Over the internet, I don't need some special program to tell me what they're listening to - they can use an instant messanger to say to me "Today I am listening to Half Man Half Biscuit" and I can say "That's funny, so am I! Fred Titmus!", or whatever.
I could go on. This is essentially a completely useless program - especially to me, a person who lives in the middle of nowhere on a
There seem to be a bunch of pointless arbitrary limits. Why 10 people? While I can imagine it useful as a tool for bullying ("sorry, we'd love to speak to you, but we're up to our limit of ten people! Isn't life a bitch?"), is there a rational reason I can't have, say, 11 friends?
Why a playlist of 60 songs? I have three compilation CDR's with more than that on, and that's just scraping the surface of my music collection (and of course, ignoring the hundreds of pounds-worth of music I've paid for legally and my friends have also paid for legally).
You'd think I was some grumbling old man who remembers when music sharing was done by gathering around the gramophone, but I'm a 16-year old who uses the internet for many social purposes.

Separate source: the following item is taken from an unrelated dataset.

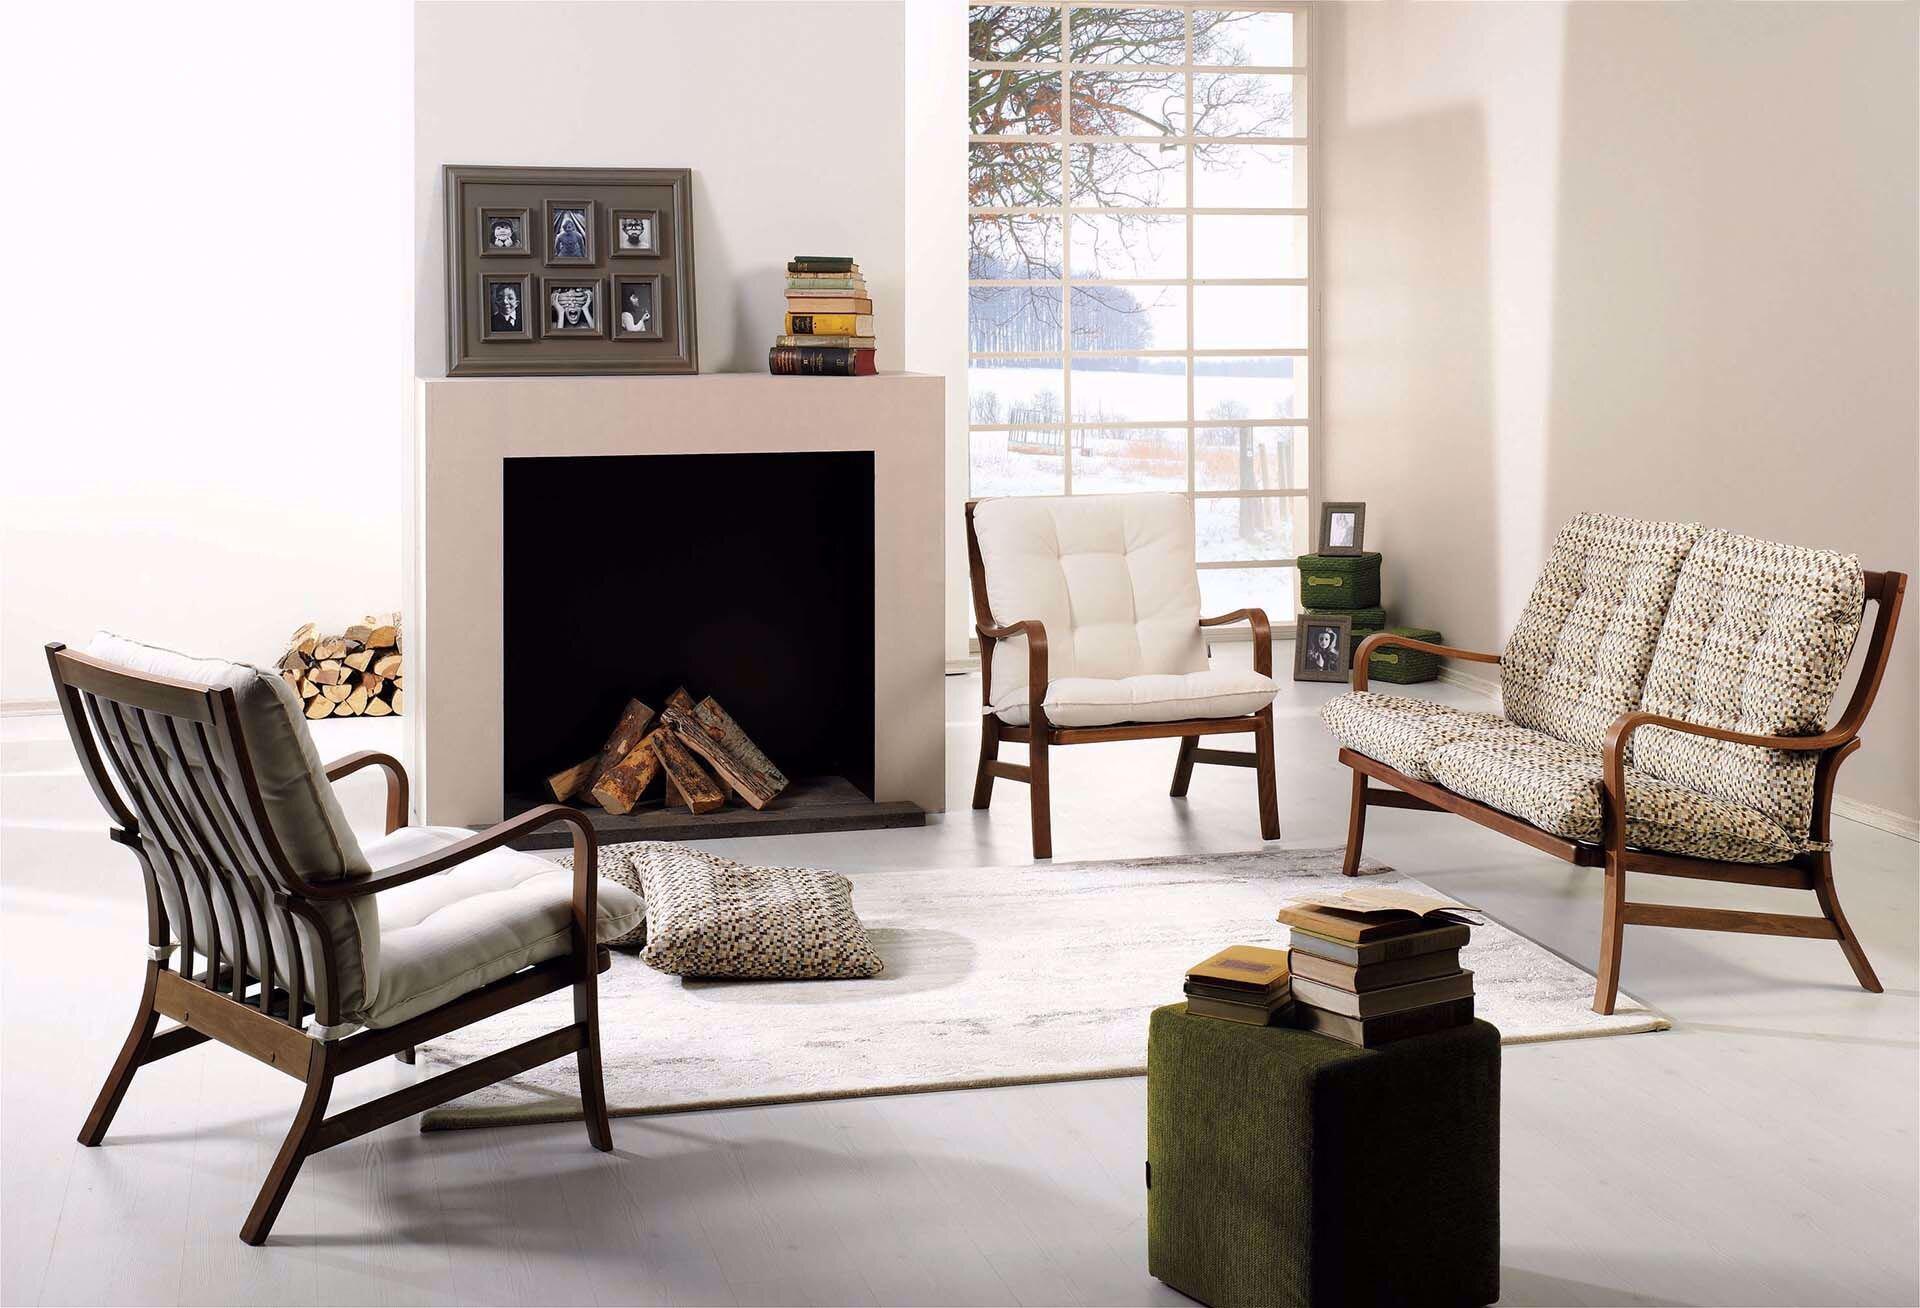 Ikarus Two-Seat Sofa

And I, one of the so-called "NetGen" (okay, so probably the average "NetGen" person doesn't spend most of their free time coding computer games, but it's their definition, not mine) can recognise this for the pointless bullshit it is.

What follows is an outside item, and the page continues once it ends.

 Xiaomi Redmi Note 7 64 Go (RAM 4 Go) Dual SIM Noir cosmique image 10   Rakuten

Windows XP had bugs. So they fixed (a lot of) them, presumably including something that is required for Threedegrees.
Also, if you actually go and try to run Threedegrees, one of the downloads you have to get is this IPV6 thing, which frankly I'm not sure Windows 2000 supports yet. (I'll have to go check what's slated in SP4, I suppose.)
It's not an evil plot to 'get you', it really isn't. I'd much rather have Windows XP telling me I need to download the (free) updates than telling me... nothing at all, leaving me susceptible to all kinds of unfun problems.

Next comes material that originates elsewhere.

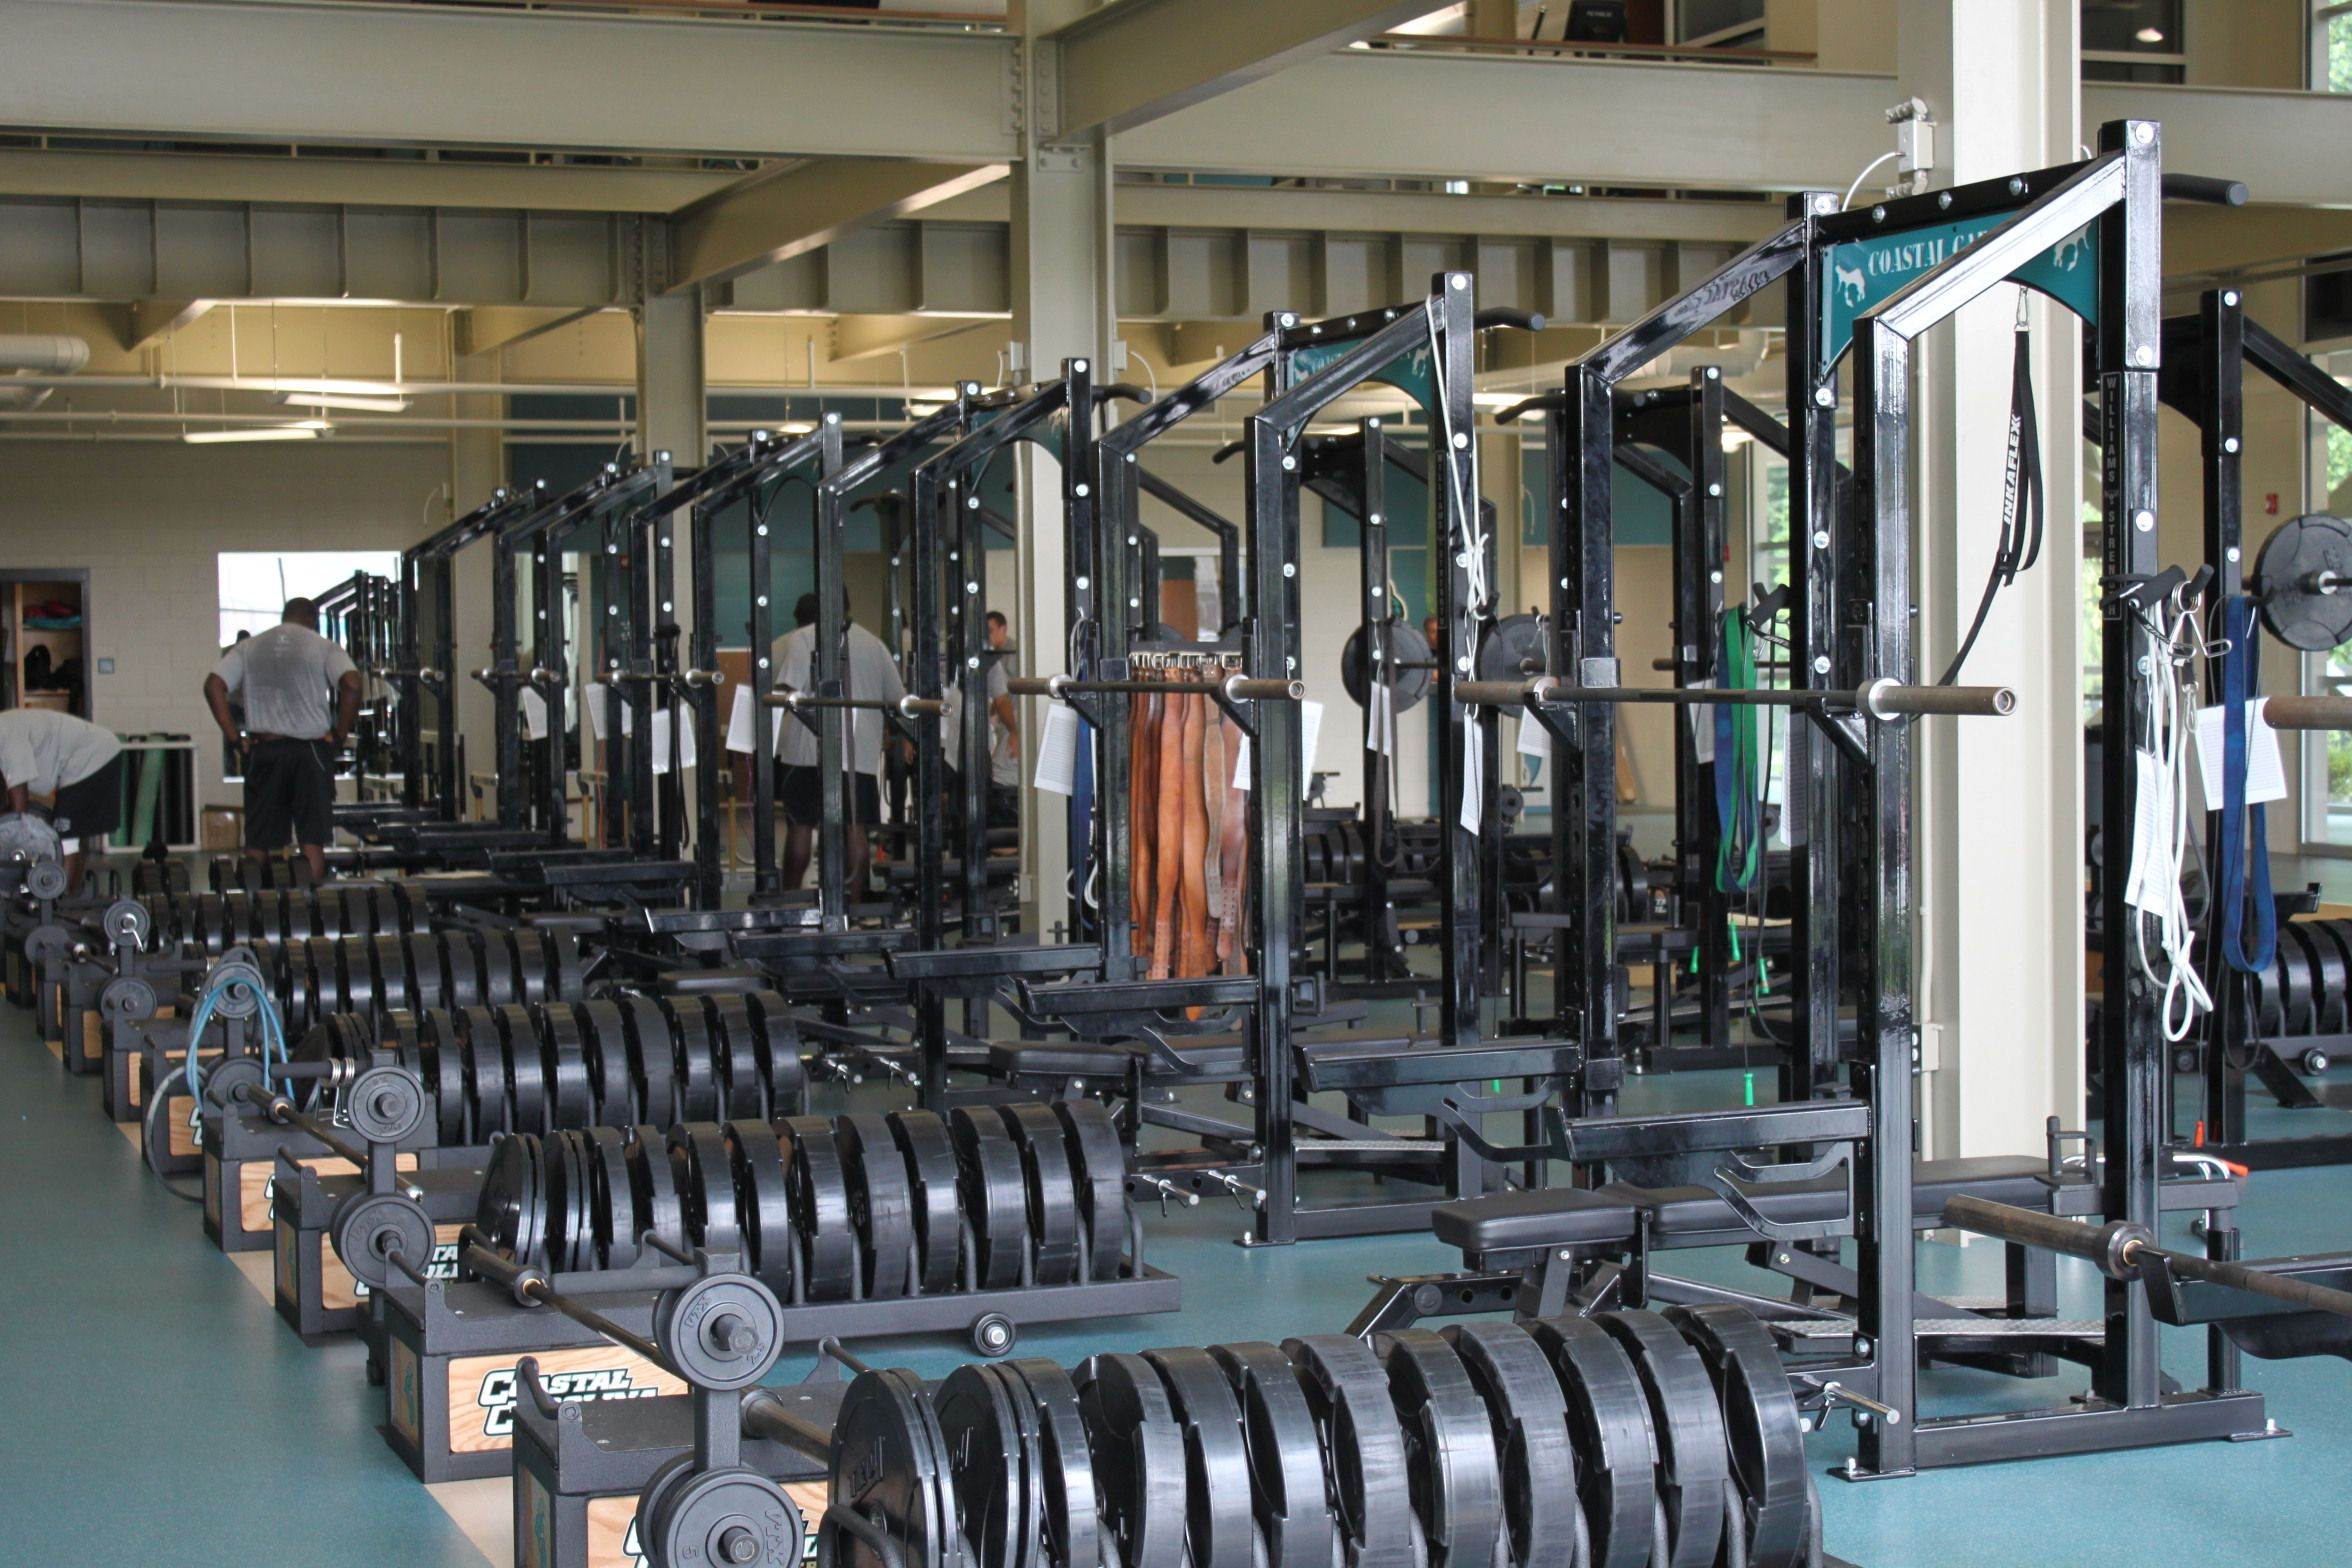 Coastal Carolina Official Athletic Site Facilities Facility Coastal Carolina University Coastal Carolina

1) iChat is an AIM wrapper. A nice one, but it's just like using AIM.
2) Rendezvous is nice, but has nothing to do with threedegrees or instant messenging.
3) If you need an autoconfigurating wireless protocol to chat with somebody else's computer IN THE SAME ROOM, you've got bigger problems than that.
When MS came to my school I had a little chat with one of the reps... he wasn't on the IE team, but I asked him about IE anyway - I want to know what's going on with IE7. I told him that I can't wait to have the #1 market-share browser get some more standards support, so that writing (and viewing) web pages would be a lot easier. He told me that standards support and pedestrian things like HTML rendering aren't that important, and wouldn't I rather have those developers working to add things like PowerPoint-style page transitions or 3D special effects to web pages? At this point I thought about punching him in the face and running in one direction for an hour. I just don't get it.
I don't know how they're planning to make money off it, but I can see a LOT of people using this. I rarely get songs off Kazaa anymore - I usually grab stuff from my friends' FTP servers if they suggest something, or they upload something themselves to mine. This just seems like a more intuitive user interface for such a thing. Given some improvements (like the inevitable hack to remove all those silly limitations) this seems like a great idea for college campuses where lots of students want to share stuff. I mean, KaZaA's nice, but you have to know what you're looking for. It's much nicer to have somebody hand you something you've never heard of and say "Hey, you might like this."
eCircles did all these things from 1997 until 2000.
They eventually ran out of money and were bought by Classmates.